Associations with continuous covariates were allowed to be nonlinear using restricted cubic splines. Nonlinear terms were forced to be linear if the P-value of the global test for nonlinearity was >0.20. We used R (version 3.1.2) for all analyses. P-values <0.05 were considered significant.
RESULTS
Characteristics of the patients
Between January 2007 and December 2010, we enrolled 1047 patients (Figure 1). During the hospitalization, 7 patients withdrew consent and requested their data be destroyed. Of the remaining 1040 patients, 214 died and 45 withdrew from further participation during hospitalization. Of the 781 hospital survivors, we excluded 250 who had preexisting cognitive impairment and/or preexisting disability in ADLs, leaving 531 patients eligible for this long-term follow-up study. We assessed 384/465 (83%) of survivors at 3 months and 334/419 (80%) of survivors at 12 months.

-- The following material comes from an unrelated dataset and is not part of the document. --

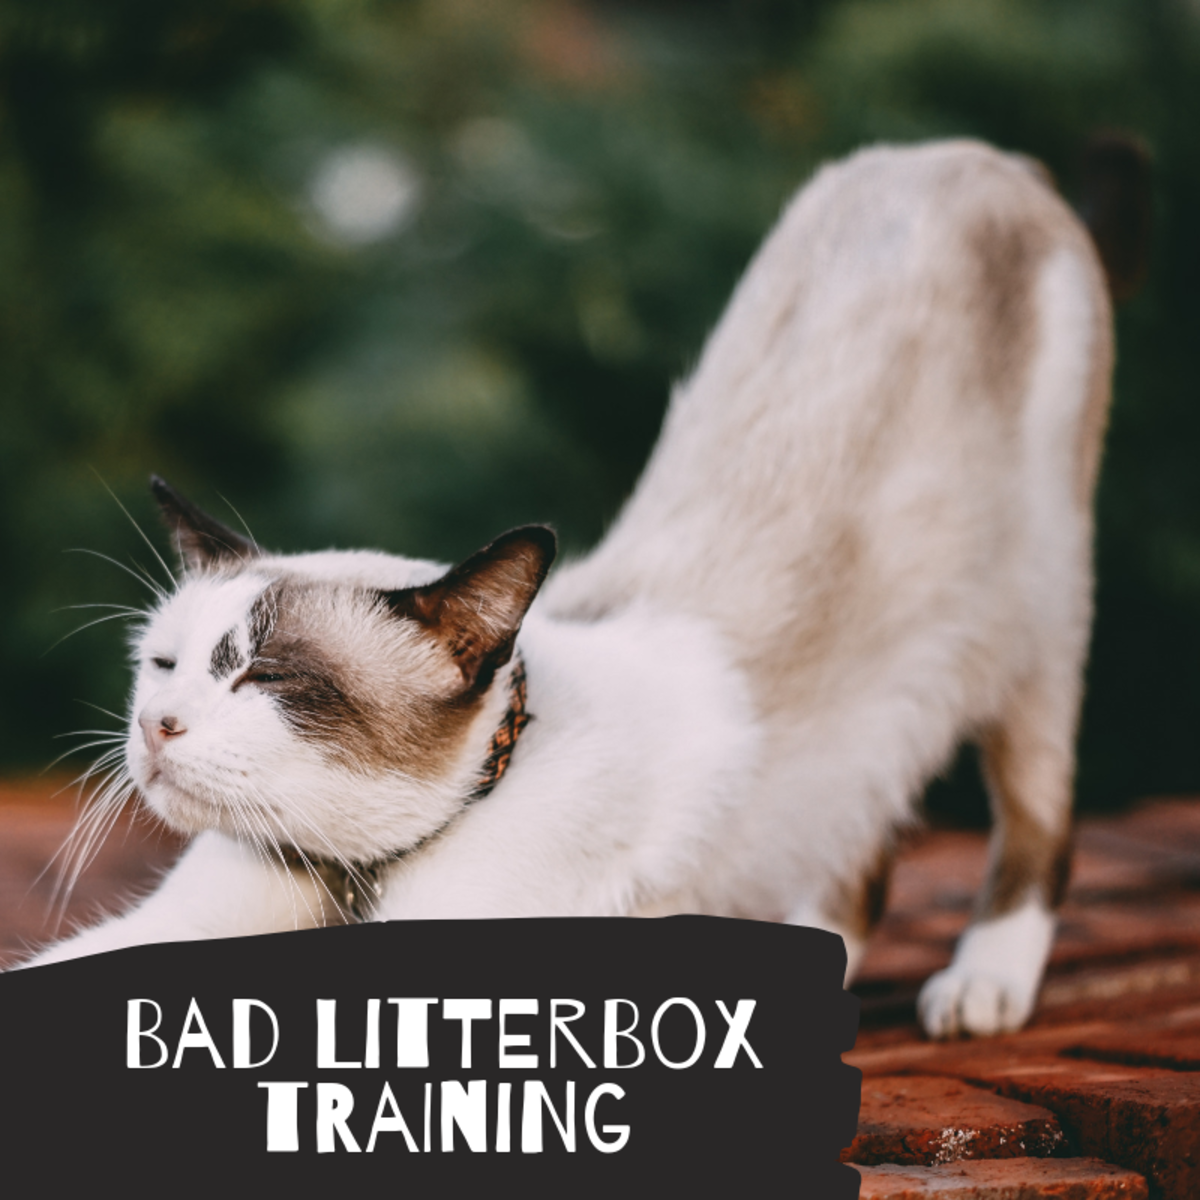 Bad Litter Box Training

Figure 1. Enrollment and Follow-up.
Overall, 406 unique patients, who were a median age of 61 (Interquartile Range [IQR]: 51–70) years old with high severity of illness (median APACHE II score of 23 [IQR: 16–29]) at admission, and the majority of whom were not frail (median Clinical Frailty Scale score of 3 [IQR: 2–4]) contributed data to these analyses (Table 1).
Table 1.
Demographic and Clinical Characteristics of Patients
| Characteristic | N = 406 |
|---|---|
| Age (years) | 61 (51–70) |
| Male Sex, n (%) | 256 (63%) |
| Education (years) | 12 (12–14) |
| Katz ADL scorea | 0 (0-0) |
| IQCODE scoreb | 3 (3-3) |
| Clinical Frailty Scale Score, n (%) | |
| 1 (Very Fit) | 21 (5%) |
| 2 (Well) | 87 (21%) |
| 3 (Well, with Treated Comorbidities) | 164 (40%) |
| 4 (Apparently Vulnerable) | 86 (21%) |
| 5 (Mildly Frail) | 28 (7%) |
| 6 (Moderately Frail) | 17 (4%) |
| 7 (Severely Frail) | 3 (1%) |
| Charlson Comorbidity Index Scorec | 2 (1–3) |
| APACHE II Score at admissiond | 23 (16–29) |
| Mean Daily SOFA Scoree | 7 (5–8) |
| Diagnoses at Admission, n (%) | |
| Sepsis, ARDS due to infection or septic shock | 118 (29%) |
| Acute Respiratory Failuref | 42 (10%) |
| Cardiogenic shock, CHF, myocardial infarction, or arrhythmia | 79 (19%) |
| Upper airway obstructiong | 40 (10%) |
| Gastric or colonic surgery | 26 (6%) |
| Neurologic disease or seizure | 5 (1%) |
| Other surgical procedureh | 58 (14%) |
| Other diagnosesi | 38 (9%) |
| Mechanical ventilation | |
| Patients, n (%) | 360 (89%) |
| Duration of mechanical ventilation among those who were ever mechanically ventilated, days | 3 (1–7) |
| Severe Sepsis | |
| Patients, n (%) | 259 (64%) |
| Duration of severe sepsis among those who were ever septic, days | 4 (2–8) |
| Delirium | |
| Patients, n (%) | 289 (71%) |
| Duration of delirium among those who were ever delirious, days | 3 (2–7) |
| Coma | |
| Patients, n (%) | 221 (54%) |
| Duration of coma among those who were ever comatose, days | 2 (1–5) |
Data are median (interquartile range) unless otherwise indicated. APACHE II, Acute Physiology And Chronic Health Evaluation, version II; ARDS, Acute Respiratory Distress Syndrome; CHF, Congestive Heart Failure; IQCODE, Short Informant Questionnaire on Cognitive Decline in the Elderly, assessment of pre-illness cognition; Katz ADL, Assessment of basic activities of daily living; SOFA, Sequential Organ Failure Assessment
Katz ADL scores range from 0 to 12, where higher scores indicate more severe disability in activities of daily living. A score of 0 indicates no disability.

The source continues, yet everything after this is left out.